En Pataz circulan aproximadamente 30 mil personas. Hay un centro de salud sin ambulancia y una infraestructura vial precaria, pese a ser una provincia que aporta significativamente al erario nacional.
El vacío estatal crea terreno fértil para la criminalidad.
Economía paralela
En Madre de Dios, la minería ilegal ya no opera como campamento improvisado. Es una estructura organizada con redes logísticas, combustible, carreteras y tecnología satelital.
Un dato revelador: cada vehículo diésel en la región consume 330 veces más combustible que uno en Lima. La explicación está en las dragas y maquinaria pesada que operan en los ríos.
El fenómeno incluye explotación sexual, trata de personas y financiamiento de estructuras criminales.
Dimensión transnacional
La frontera norte es otro frente crítico. En la Cordillera del Cóndor se detectó la presencia de mineros ilegales armados procedentes de Ecuador y Colombia, incluso con vínculos con remanentes de grupos armados.
Yaranga advirtió que el crimen organizado transnacional no reconoce fronteras y que, sin alianzas estratégicas con Bolivia, Ecuador y Colombia, el esfuerzo será insuficiente.

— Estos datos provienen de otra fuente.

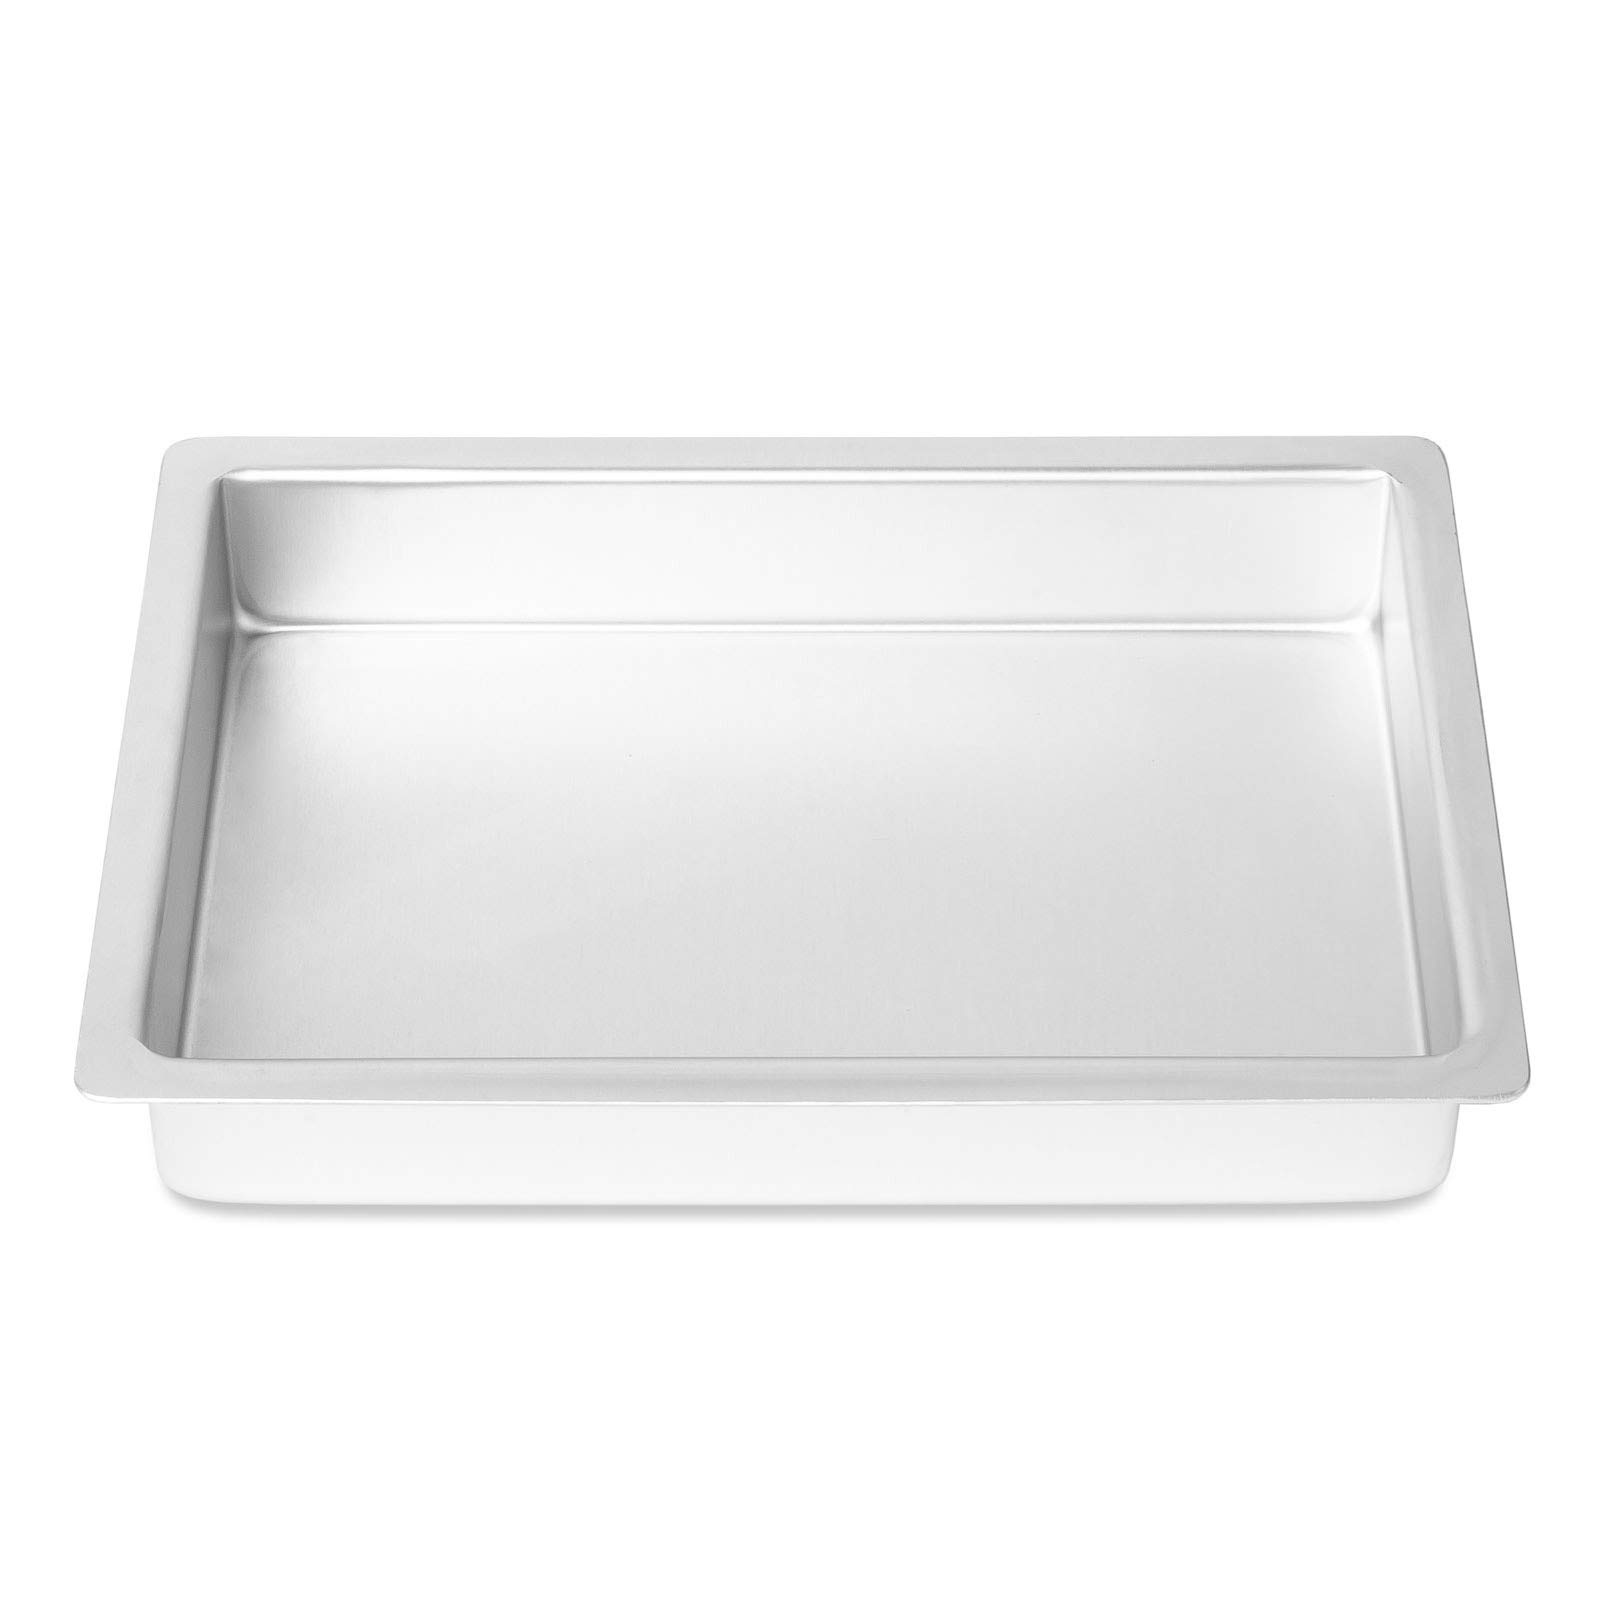 1 Pcs Professional Rectangular Aluminum Sheet Cake Pan 7 x 11 x 2 Inch #MWMN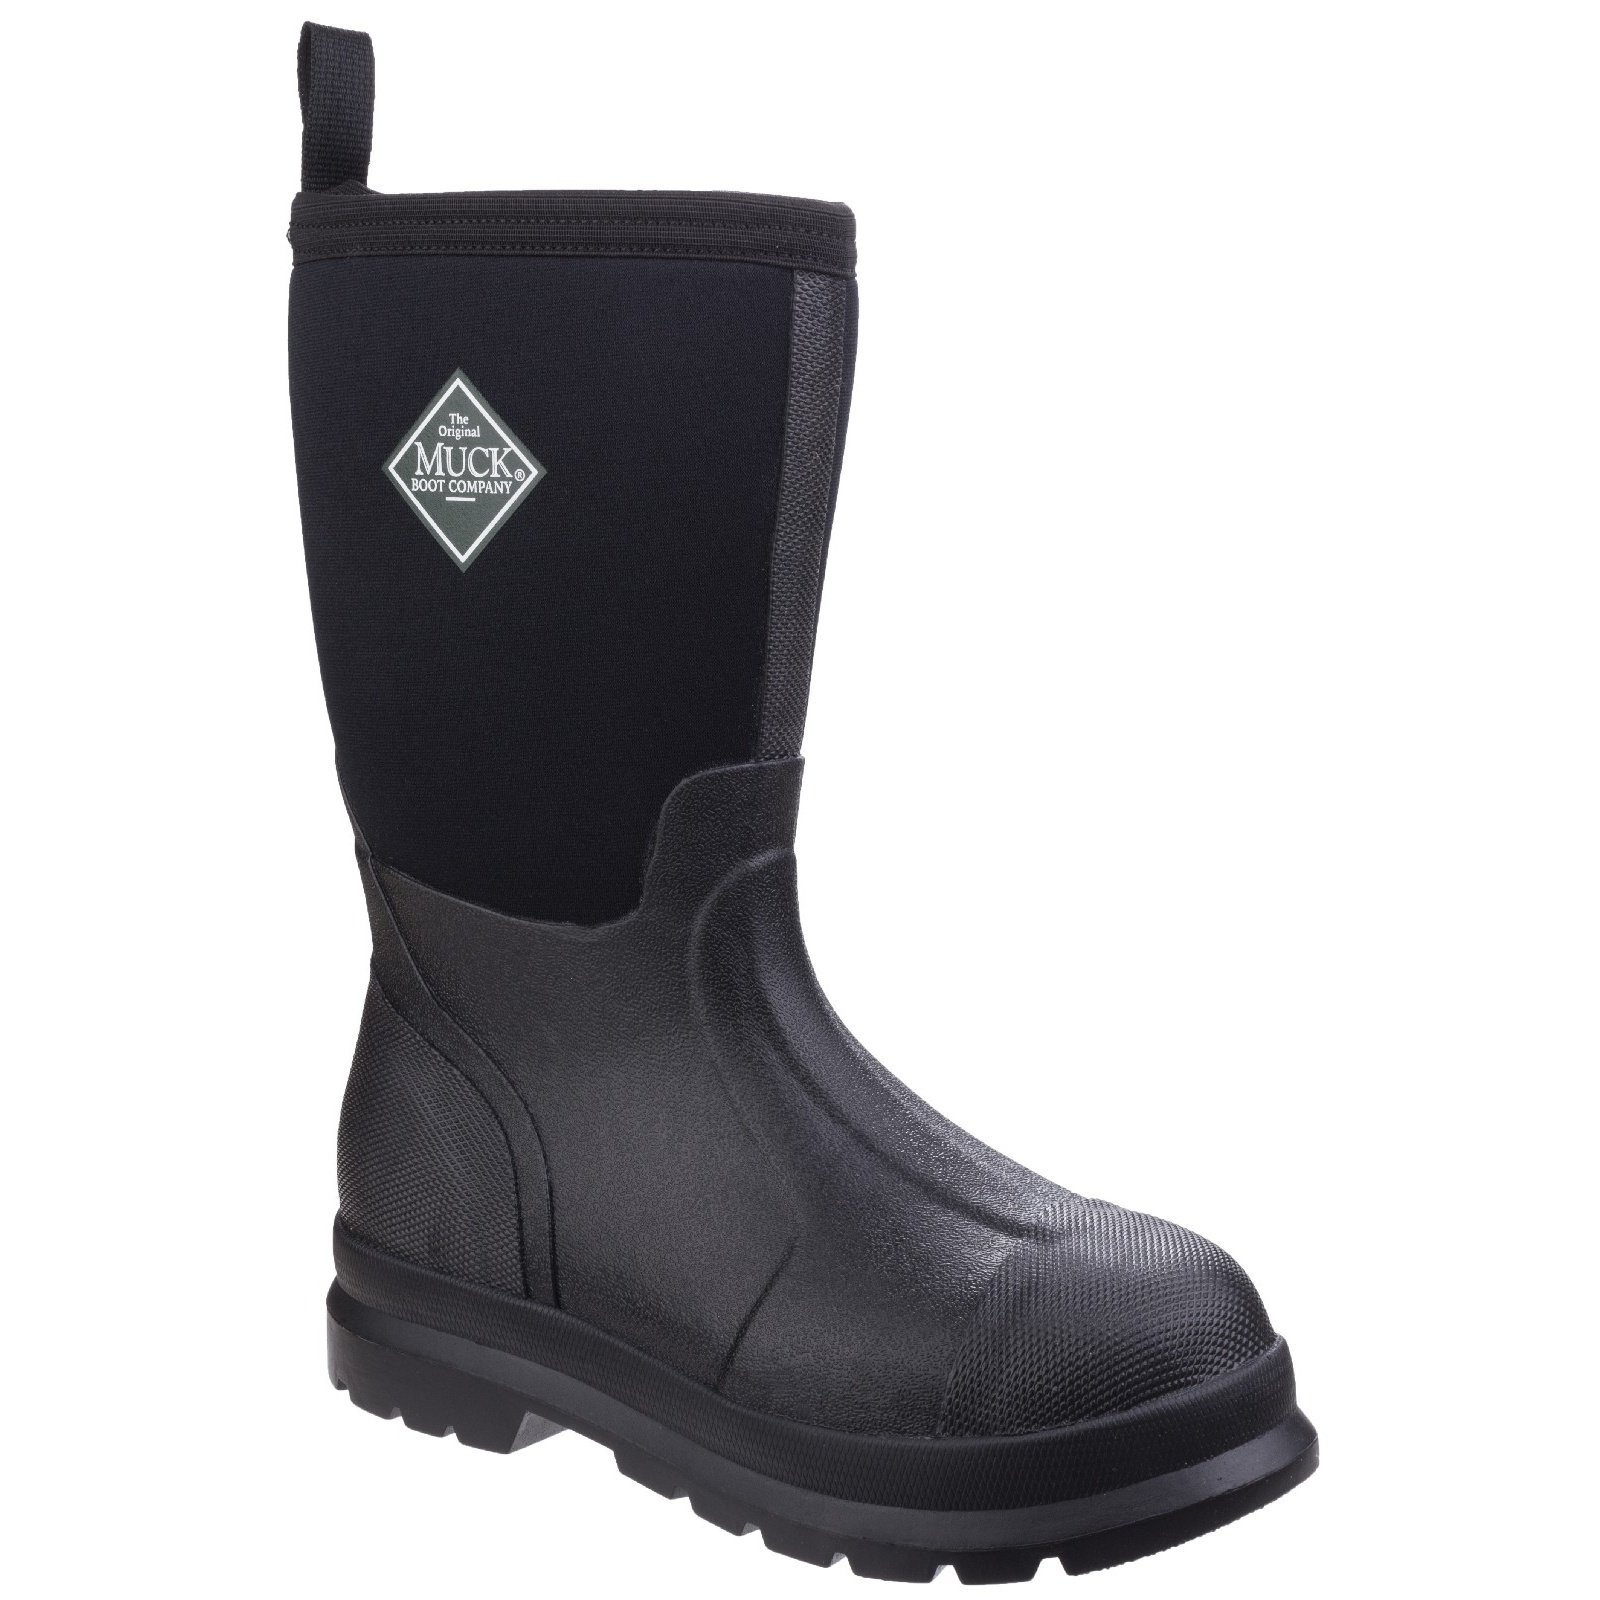 Muck Boot Childrens/Kids Chore Wellington Boots (2 US) (Black)

¿Cambio real o contención temporal?
El Gobierno aprobó la Estrategia Nacional para la Reducción e Interdicción de la Minería Ilegal, que incorpora tres ejes: Formalización, Erradicación e interdicción y Recuperación ambiental con desarrollo sostenible.
En 2024 se realizaron 745 operativos y se destruyó material por casi cuatro mil millones de soles. Sin embargo, el propio comisionado admitió que la interdicción es solo una parte del tratamiento.
“La erradicación es el jarabe para la fiebre; el desarrollo es el antibiótico”, explicó.

Riesgo político
El problema no es únicamente financiero o ambiental. Es político.
La minería ilegal genera flujos de dinero capaces de influir en autoridades locales, financiar campañas y corromper estructuras estatales.
Yaranga lanzó una advertencia contundente: en zonas críticas, la rotación constante de personal policial responde al riesgo de contaminación institucional.
Si el negocio mueve 12 mil millones de dólares al año, su capacidad de penetración es proporcional.
El dilema estratégico
El Estado enfrenta una economía criminal que supera ampliamente sus recursos de combate. El precio internacional del oro seguirá siendo un incentivo poderoso.
La pregunta estratégica es si el país asumirá la minería ilegal como lo que ya es: una amenaza a la gobernabilidad, al ambiente y a la seguridad nacional.
Porque no se trata solo de dragas en los ríos o socavones clandestinos.
Se trata de soberanía territorial, control institucional y legitimidad democrática. El oro ilegal ya no es un problema periférico. Es una prueba de resistencia para el Estado peruano.